**What the task asks:** Could you give every record again, exactly as it reads?

The records START

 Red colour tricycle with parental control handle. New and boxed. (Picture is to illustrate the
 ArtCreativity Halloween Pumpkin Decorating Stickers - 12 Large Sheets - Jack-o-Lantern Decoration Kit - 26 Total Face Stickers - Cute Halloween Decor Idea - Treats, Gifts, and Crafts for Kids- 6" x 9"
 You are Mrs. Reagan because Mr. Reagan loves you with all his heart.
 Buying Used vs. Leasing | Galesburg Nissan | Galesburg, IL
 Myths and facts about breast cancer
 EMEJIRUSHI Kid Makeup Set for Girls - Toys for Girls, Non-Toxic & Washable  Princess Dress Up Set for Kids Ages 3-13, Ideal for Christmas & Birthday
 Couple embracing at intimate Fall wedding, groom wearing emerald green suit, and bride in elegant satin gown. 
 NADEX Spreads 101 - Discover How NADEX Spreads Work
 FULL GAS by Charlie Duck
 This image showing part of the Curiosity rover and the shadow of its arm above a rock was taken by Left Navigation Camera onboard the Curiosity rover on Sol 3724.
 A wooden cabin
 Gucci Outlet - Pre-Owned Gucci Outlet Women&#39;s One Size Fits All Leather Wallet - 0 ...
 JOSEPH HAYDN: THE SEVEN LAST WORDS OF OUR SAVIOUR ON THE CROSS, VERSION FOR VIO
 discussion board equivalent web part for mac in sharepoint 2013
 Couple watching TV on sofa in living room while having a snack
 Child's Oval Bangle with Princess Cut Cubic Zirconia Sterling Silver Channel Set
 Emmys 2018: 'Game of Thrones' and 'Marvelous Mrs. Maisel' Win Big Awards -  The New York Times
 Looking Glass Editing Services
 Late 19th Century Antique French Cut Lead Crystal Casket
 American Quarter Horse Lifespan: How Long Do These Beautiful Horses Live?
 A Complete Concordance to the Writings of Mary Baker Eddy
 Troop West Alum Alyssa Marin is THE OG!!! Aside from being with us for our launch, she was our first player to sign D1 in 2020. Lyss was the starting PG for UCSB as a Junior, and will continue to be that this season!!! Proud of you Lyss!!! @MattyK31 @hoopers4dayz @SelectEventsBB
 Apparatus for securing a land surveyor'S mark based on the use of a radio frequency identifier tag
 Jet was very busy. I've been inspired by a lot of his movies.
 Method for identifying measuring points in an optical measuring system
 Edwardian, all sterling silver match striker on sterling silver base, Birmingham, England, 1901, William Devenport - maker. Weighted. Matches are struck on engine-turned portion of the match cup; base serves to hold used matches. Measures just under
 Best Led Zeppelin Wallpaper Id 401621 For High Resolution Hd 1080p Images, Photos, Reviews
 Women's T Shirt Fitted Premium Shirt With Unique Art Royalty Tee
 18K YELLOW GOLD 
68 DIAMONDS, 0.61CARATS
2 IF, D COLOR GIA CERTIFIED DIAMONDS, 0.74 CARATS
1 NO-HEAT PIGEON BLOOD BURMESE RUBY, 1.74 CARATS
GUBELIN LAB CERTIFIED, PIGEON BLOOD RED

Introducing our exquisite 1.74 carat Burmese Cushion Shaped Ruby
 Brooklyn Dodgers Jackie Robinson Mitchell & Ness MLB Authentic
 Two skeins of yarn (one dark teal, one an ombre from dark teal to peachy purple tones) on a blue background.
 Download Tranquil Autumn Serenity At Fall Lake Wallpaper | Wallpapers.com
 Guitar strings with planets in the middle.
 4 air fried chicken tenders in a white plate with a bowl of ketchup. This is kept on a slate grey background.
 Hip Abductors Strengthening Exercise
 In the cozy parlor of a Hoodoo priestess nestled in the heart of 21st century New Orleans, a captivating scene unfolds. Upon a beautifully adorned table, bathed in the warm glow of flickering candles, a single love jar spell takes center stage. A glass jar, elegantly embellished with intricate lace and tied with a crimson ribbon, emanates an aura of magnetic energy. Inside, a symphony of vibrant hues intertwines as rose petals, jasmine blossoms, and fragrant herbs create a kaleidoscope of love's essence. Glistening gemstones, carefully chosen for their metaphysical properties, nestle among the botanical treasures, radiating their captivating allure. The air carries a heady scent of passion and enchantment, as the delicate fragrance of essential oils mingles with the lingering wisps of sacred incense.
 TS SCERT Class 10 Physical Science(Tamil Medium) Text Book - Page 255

The records END

**Solution to this problem:**
 Red colour tricycle with parental control handle. New and boxed. (Picture is to illustrate the
 ArtCreativity Halloween Pumpkin Decorating Stickers - 12 Large Sheets - Jack-o-Lantern Decoration Kit - 26 Total Face Stickers - Cute Halloween Decor Idea - Treats, Gifts, and Crafts for Kids- 6" x 9"
 You are Mrs. Reagan because Mr. Reagan loves you with all his heart.
 Buying Used vs. Leasing | Galesburg Nissan | Galesburg, IL
 Myths and facts about breast cancer
 EMEJIRUSHI Kid Makeup Set for Girls - Toys for Girls, Non-Toxic & Washable  Princess Dress Up Set for Kids Ages 3-13, Ideal for Christmas & Birthday
 Couple embracing at intimate Fall wedding, groom wearing emerald green suit, and bride in elegant satin gown. 
 NADEX Spreads 101 - Discover How NADEX Spreads Work
 FULL GAS by Charlie Duck
 This image showing part of the Curiosity rover and the shadow of its arm above a rock was taken by Left Navigation Camera onboard the Curiosity rover on Sol 3724.
 A wooden cabin
 Gucci Outlet - Pre-Owned Gucci Outlet Women&#39;s One Size Fits All Leather Wallet - 0 ...
 JOSEPH HAYDN: THE SEVEN LAST WORDS OF OUR SAVIOUR ON THE CROSS, VERSION FOR VIO
 discussion board equivalent web part for mac in sharepoint 2013
 Couple watching TV on sofa in living room while having a snack
 Child's Oval Bangle with Princess Cut Cubic Zirconia Sterling Silver Channel Set
 Emmys 2018: 'Game of Thrones' and 'Marvelous Mrs. Maisel' Win Big Awards -  The New York Times
 Looking Glass Editing Services
 Late 19th Century Antique French Cut Lead Crystal Casket
 American Quarter Horse Lifespan: How Long Do These Beautiful Horses Live?
 A Complete Concordance to the Writings of Mary Baker Eddy
 Troop West Alum Alyssa Marin is THE OG!!! Aside from being with us for our launch, she was our first player to sign D1 in 2020. Lyss was the starting PG for UCSB as a Junior, and will continue to be that this season!!! Proud of you Lyss!!! @MattyK31 @hoopers4dayz @SelectEventsBB
 Apparatus for securing a land surveyor'S mark based on the use of a radio frequency identifier tag
 Jet was very busy. I've been inspired by a lot of his movies.
 Method for identifying measuring points in an optical measuring system
 Edwardian, all sterling silver match striker on sterling silver base, Birmingham, England, 1901, William Devenport - maker. Weighted. Matches are struck on engine-turned portion of the match cup; base serves to hold used matches. Measures just under
 Best Led Zeppelin Wallpaper Id 401621 For High Resolution Hd 1080p Images, Photos, Reviews
 Women's T Shirt Fitted Premium Shirt With Unique Art Royalty Tee
 18K YELLOW GOLD 
68 DIAMONDS, 0.61CARATS
2 IF, D COLOR GIA CERTIFIED DIAMONDS, 0.74 CARATS
1 NO-HEAT PIGEON BLOOD BURMESE RUBY, 1.74 CARATS
GUBELIN LAB CERTIFIED, PIGEON BLOOD RED

Introducing our exquisite 1.74 carat Burmese Cushion Shaped Ruby
 Brooklyn Dodgers Jackie Robinson Mitchell & Ness MLB Authentic
 Two skeins of yarn (one dark teal, one an ombre from dark teal to peachy purple tones) on a blue background.
 Download Tranquil Autumn Serenity At Fall Lake Wallpaper | Wallpapers.com
 Guitar strings with planets in the middle.
 4 air fried chicken tenders in a white plate with a bowl of ketchup. This is kept on a slate grey background.
 Hip Abductors Strengthening Exercise
 In the cozy parlor of a Hoodoo priestess nestled in the heart of 21st century New Orleans, a captivating scene unfolds. Upon a beautifully adorned table, bathed in the warm glow of flickering candles, a single love jar spell takes center stage. A glass jar, elegantly embellished with intricate lace and tied with a crimson ribbon, emanates an aura of magnetic energy. Inside, a symphony of vibrant hues intertwines as rose petals, jasmine blossoms, and fragrant herbs create a kaleidoscope of love's essence. Glistening gemstones, carefully chosen for their metaphysical properties, nestle among the botanical treasures, radiating their captivating allure. The air carries a heady scent of passion and enchantment, as the delicate fragrance of essential oils mingles with the lingering wisps of sacred incense.
 TS SCERT Class 10 Physical Science(Tamil Medium) Text Book - Page 255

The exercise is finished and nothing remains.